Allied intelligence noticed each captured tank had a unique serial number. With careful observation, the Allies were able to determine the serial numbers had a pattern denoting the order of tank production. Using this data, the Allies created a mathematical model to determine the rate of German tank production. They used it to estimate that the Germans produced 255 tanks per month between the summer of 1940 and the fall of 1942.
Turns out the serial-number methodology was spot on. After the war, internal German data put der Führer’s production at 256 tanks per month — one more than the estimate.
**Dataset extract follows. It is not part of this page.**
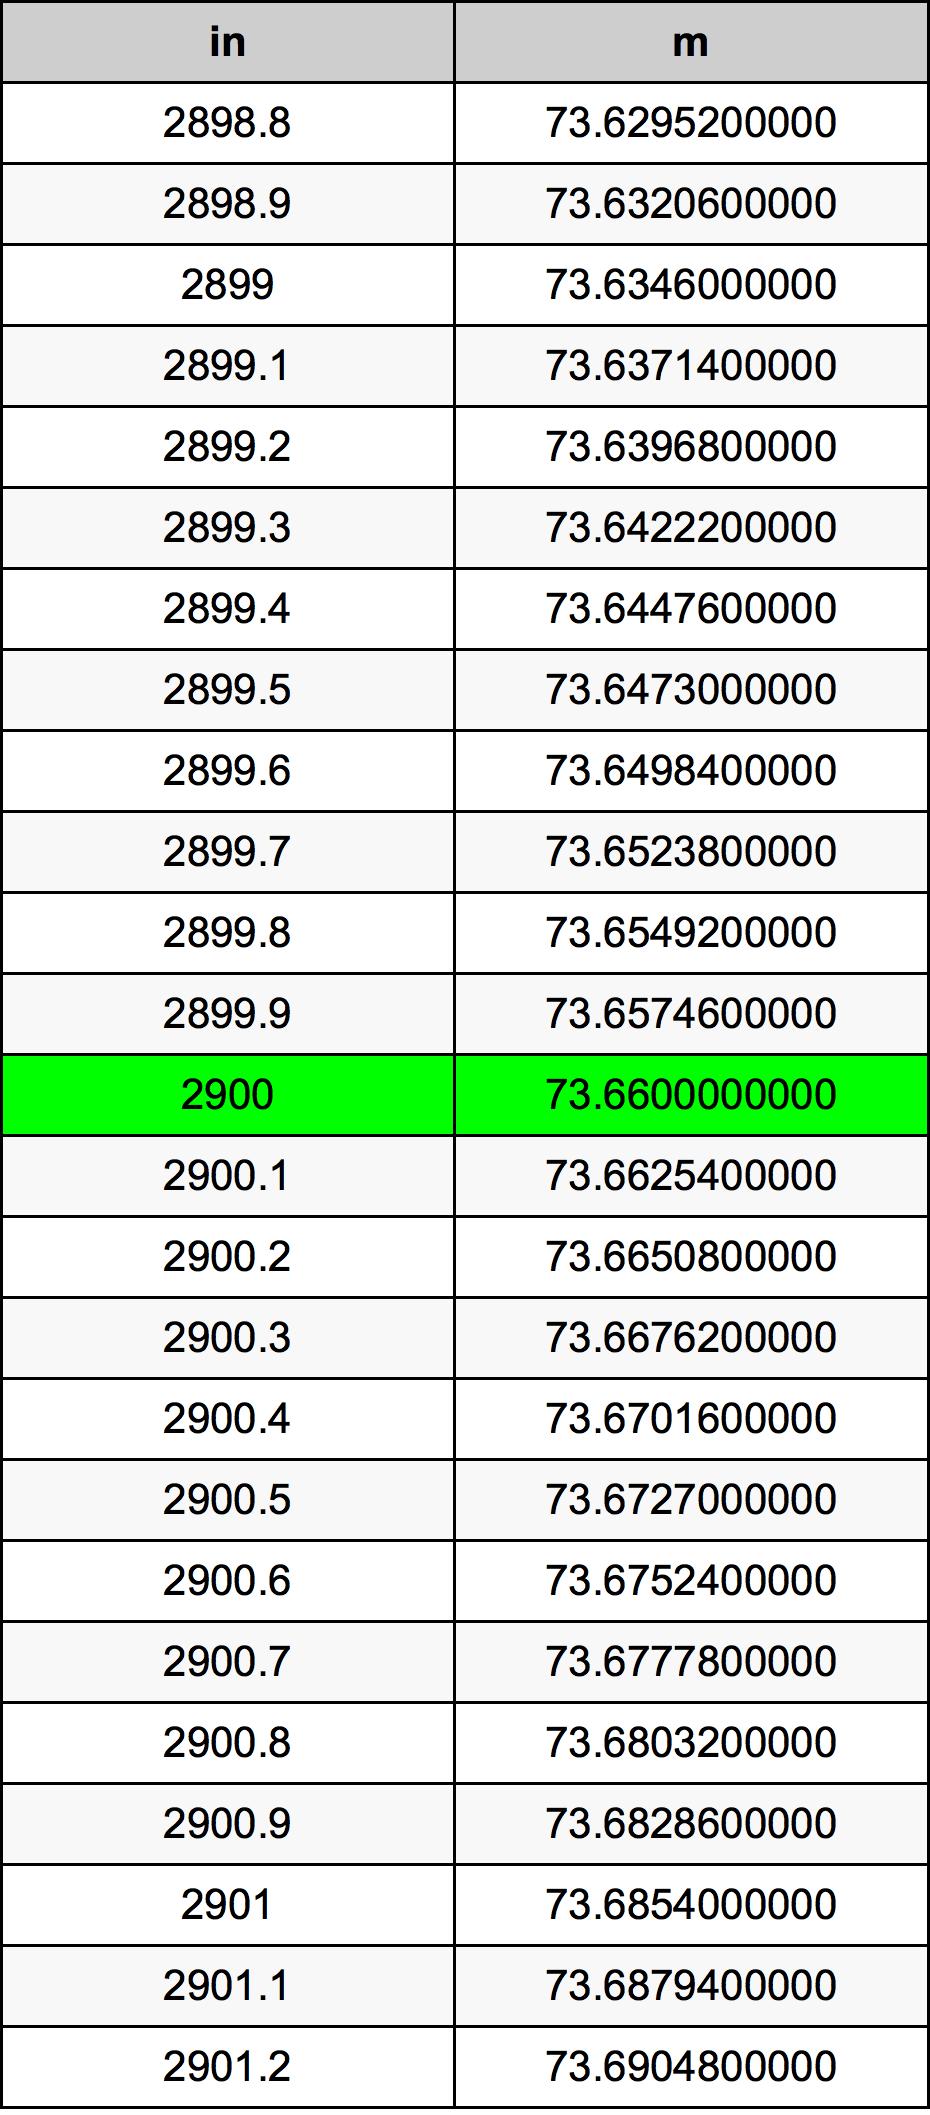 2900 Inch konverteringstabell

That's a very good estimate. Are the statistics here really that good, or did they just get lucky? Using the formulas in the article and my example above with 800 the highest number observed out of 10 captured, the estimate of total number is equal to 800+800/10 - 1 = 879, with a margin of error (~1 standard deviations) of plus-or-minus 88, or about 10% of the estimate That's not so bad given that I only "sampled" 10 tanks, but there is a lot of room for error. It gets better as the sample gets larger though. It turns out the variability of this estimate is inversely proportional to the sample size, 10 tanks give a standard deviation of about 1/10, or 10%. Bump that up to 100 tanks and the standard deviation is 1/100, or 1%, and now the estimate is precise enough that your military planners won't care about the error.

This isn't the only example of statistics in war; many basic quality control methods were originally devised as part of the effort for World War II.